Tras el gigantesco incendio que hace dos años devastó la catedral de Notre Dame de París y conmocionó al mundo, el enigma del origen del siniestro sigue sin resolverse.

El 15 de abril de 2019, mientras se encontraba en plenas obras de restauración, la famosa catedral gótica, de más de 850 años de antigüedad y símbolo de Francia, perdió su magnífica aguja, su tejado, su reloj y parte de su bóveda, arrasados por las llamas.

Millones de personas de todo el mundo que siguieron la destrucción de Notre Dame por televisión en directo quedaron impactadas por el impresionante espectáculo de las llamas que consumían parte de la historia de París, mientras los bomberos luchaban por salvar lo que podían.

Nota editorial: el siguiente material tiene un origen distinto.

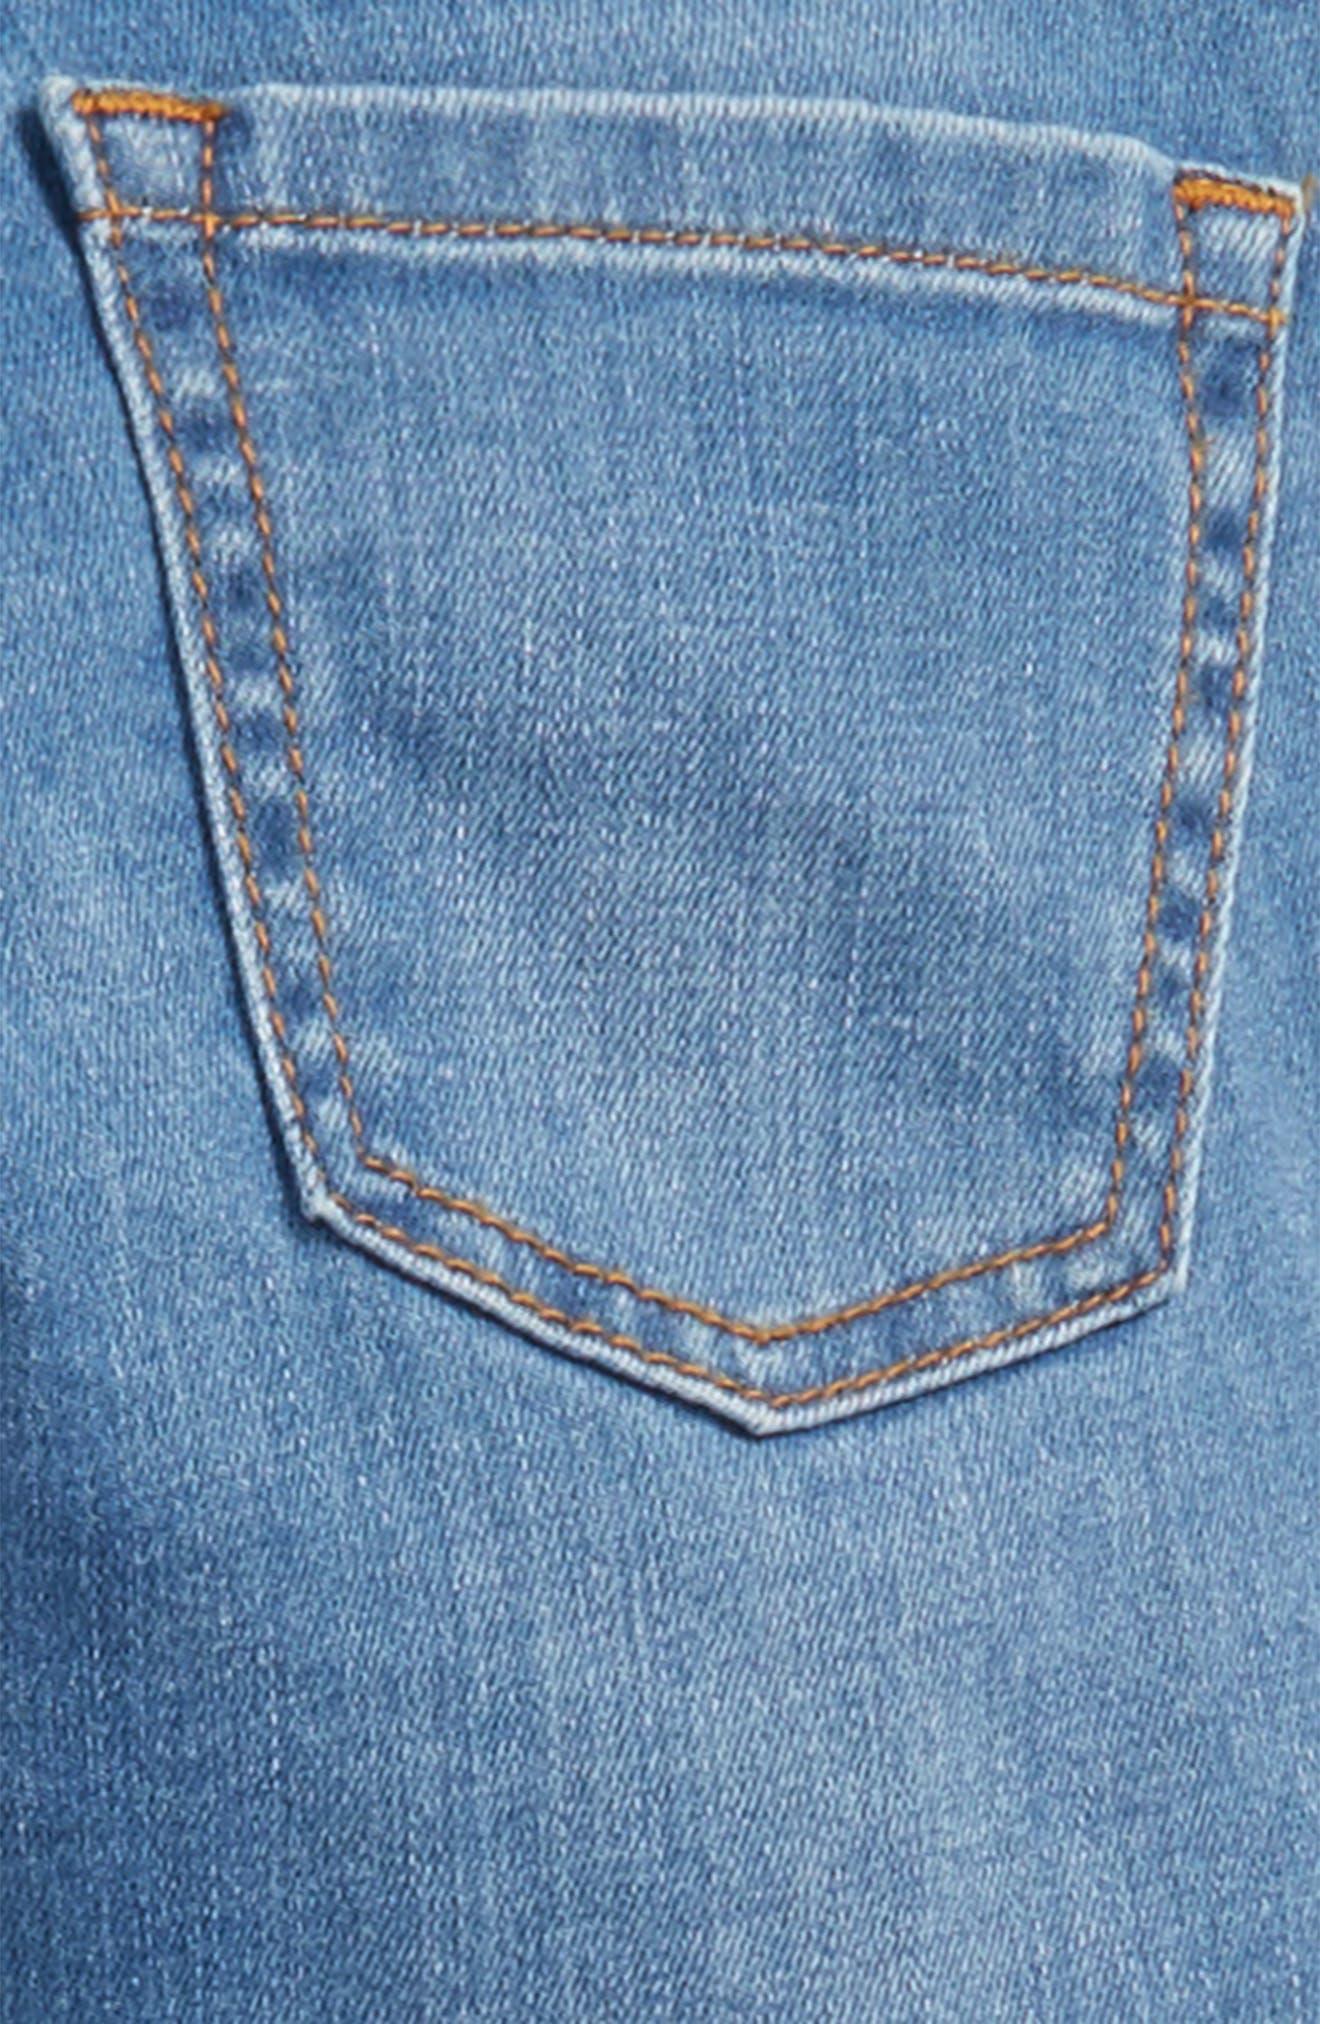 Skinny Jeans,                             Alternate thumbnail 3, color,                             Light Vintage Ldn

La catedral es una atracción imprescindible para las decenas de millones de turistas que visitaban París cada año antes de la crisis de Covid-19. Un interés mundial ligado también a la fama de Víctor Hugo y su novela Nuestra Señora de París, en la que el personaje principal es el jorobado Quasimodo.

“Hubo un efecto similar al 11 de septiembre. Ver el fuego en directo, transmitido por canales de todo el mundo. Desde Brasil hasta Asia, el derrumbe de la aguja fue para las nuevas generaciones lo que el derrumbe de las torres de Nueva York fue para sus padres”, según Stanislas de Laboulaye, embajador encargado de coordinar el aspecto internacional de la reconstrucción.

La fase de consolidación de Notre-Dame se completará este verano, una condición necesaria para lanzar su reconstrucción. Pero las obras durarán varios años.

Se ha lanzado una licitación para su reconstrucción y los arquitectos están trabajando en elaborar un calendario preciso de las obras que arrancarán en el invierno de 2022.

Ya se han cortado miles de robles en Francia, que se están secando, para reconstruir la aguja, su cubierta y el crucero. Y en el interior de la catedral hay un bosque de andamios, redes y lonas donde se afanan carpinteros y técnicos.